Abstract: In many applications such as recommendation systems or sports tournaments we are given outcomes of pairwise comparisons within a collection of $n$ items, the goal being to estimate the latent strengths and/or global ranking of the items. The Bradley-Terry-Luce (BTL) model is a popular statistical model which has been studied extensively in the literature from a theoretical perspective. Existing results for this problem predominantly focus on the setting consisting of a single comparison graph $G$. However, there exist scenarios (e.g., sports tournaments) where the pairwise comparison data (both the graph and the outcomes) evolves with time, and the data is made available at $T$ grid points in the time domain. Theoretical results for this dynamic setting are relatively limited in the literature.
In this talk, I will first describe a dynamic BTL model where the latent strengths of the items evolve in a Lipschitz manner over time. Given access to a sequence of $T$ comparison graphs and the associated pairwise outcomes, our goal is to estimate the latent strength of the items ($w_t \in R^n$) at any given time point $t$. To this end we propose a simple nearest neighbor based estimator combined with an existing spectral method for ranking (namely Rank Centrality). When the graphs are Erdos-Renyi graphs, $\ell_2$ and $\ell_{\infty}$ error bounds are obtained for estimating $w_t$ which in particular establishes the consistency of this method in terms of $T$.

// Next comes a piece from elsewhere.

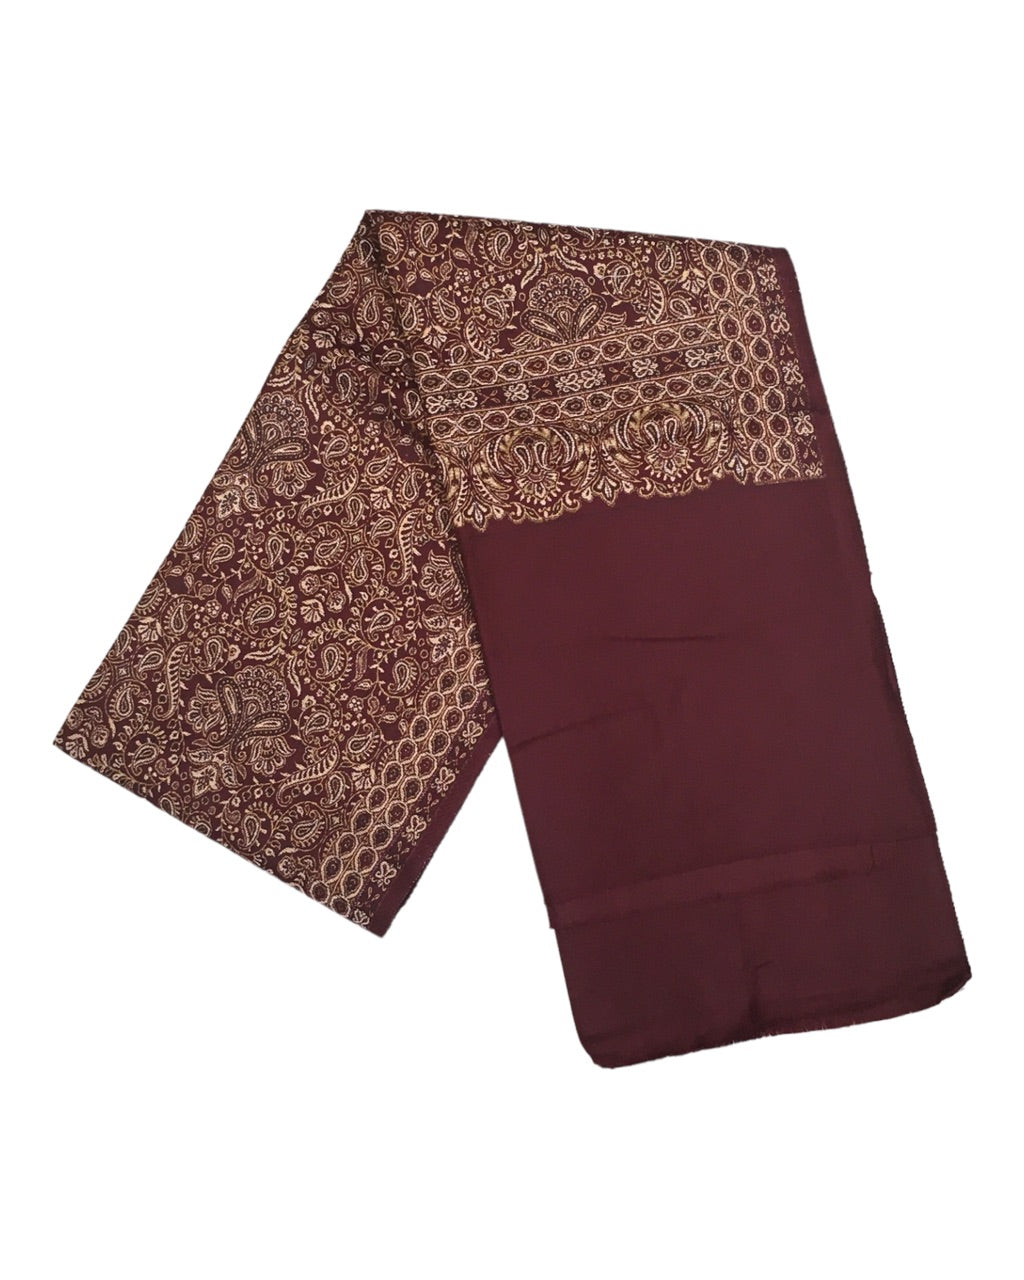 Maroon - Art Wool Handloom Woven Shawl - NTC2202 KY 1022

Next, we will look at a dynamic version of a related problem, namely Translation Synchronization, where the latent strengths of the items satisfy a weaker global smoothness assumption over the grid. I will describe two estimators for jointly estimating the latent strengths (over all grid points), and show $\ell_2$ error bounds which establish the (weak) consistency of the estimators with respect to the grid size $T$.
Based on joint work with Eglantine Karle and Ernesto Araya.
27 авг 2024